Getting a Job
Will this Course Get me a Job?
comments by John Mason Principal ACS and author of 100 books.
The workplace has changed; but most people still don't realize that. Getting a job, and developing a career today, starts with recognising this reality; and the fact that change has neither stopped nor is slowing down.
Where you once competed for work in a local employment market; you are now competing in a global pool of labour. This offers you both advantages and disadvantages.
In most developed countries, long term secure jobs have been in decline; but opportunities to be self employed, running your own business have been steadily increasing for decades.
Some colleges and schools do quote success rates and promise all types of things about the sort of job you might get upon completing a course.
It would be lovely if things were so simple, but in reality, they are not.
Truth is getting a job and having a successful career will depend upon many things, and the course you do is only one of those things.
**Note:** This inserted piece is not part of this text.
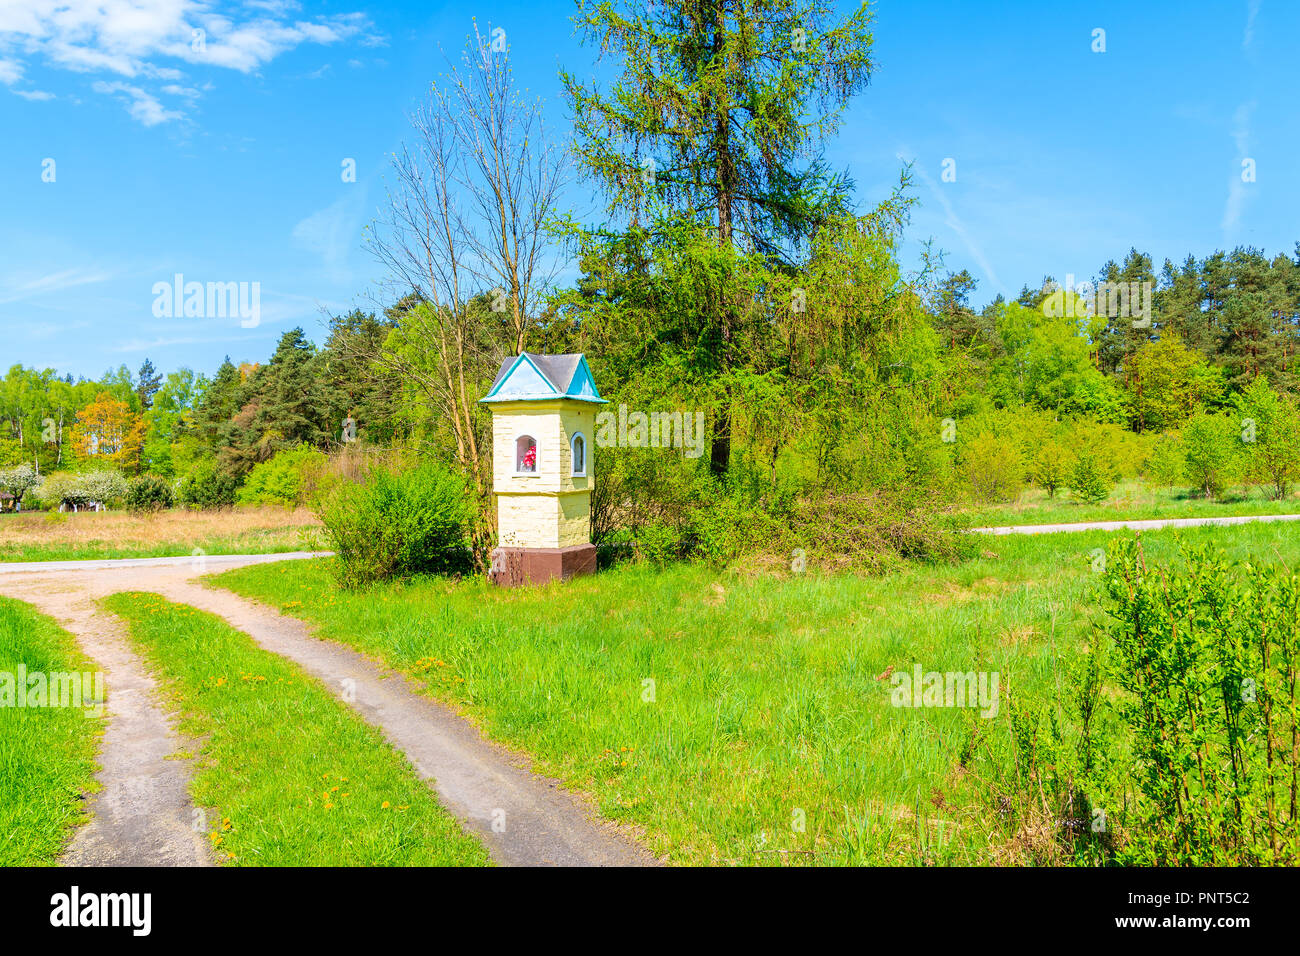 Small chapel on side of rural road with green trees near Krakow city during spring season, Poland Stock Photo

Next, you need to understand that ALL of the following things are going to have an affect upon your success:
1. Knowledge of Core aspects of your Discipline -specialist knowledge is always valuable, but more is always preferred.
2. Knowledge in Related areas in a broader discipline -people with a broader knowledge base are more often than not particularly attractive to employers because they can be used for other jobs if need be.
Courses that are broader based therefore give you a better attraction for employment.
3. Management and possibly business skills - some people have the qualification, but never go to management level because all they have acquired is the ability to pass exams, which is not always the same as the ability to manage well.
4. Good Contacts/Networking -we develop this, some courses don't. Often it is who you know not what you know.
5. Attitude and clients more often than not will employ people largely because they communicate an attitude more in tune with a particular organisation/business.
6. Ability to think laterally (or outside the box)
7. Uniqueness -Many employers have said to me "why employ someone who has the same skill set as everyone else...I want someone who can bring something different to my business".
There are other things which come into play that are more important in some situations and less in others. One is Licensing, and another is marketing.
Licensing Sometimes a very specific course is needed in order to get a licence to operate (eg. To use a chain saw, to register with a certain government body, to spray poisonous chemicals or do plumbing etc).
Marketing Some things can give you a marketing edge, for example having written a book, being a radio personality talking about gardening, aligning yourself with a local nursery for getting landscape work, or advertising you have a qualification.
The "official" accreditation or "approval" of a qualification is only necessary when the licensing factor comes into play; and unfortunately qualifications designed to satisfy that requirement frequently ignore or go weak on other factors explained above.
We at ACS put our emphasis on everything other than licensing. Anyone can go and do a short course to get licences but the bulk of career success depends on a combination of everything else. People who appreciate what I'm saying here are probably in a better position to succeed than those who do not -long term at least.
We believe training through our school is as good as the best anywhere; but at the end of the day, your success or failure is going to be affected by a lot more than just what you study. We try to help you with other things like networking and developing an appropriate attitude toward the industry, and an ability to think laterally; but some people develop these areas better than others and you will never know unless you try.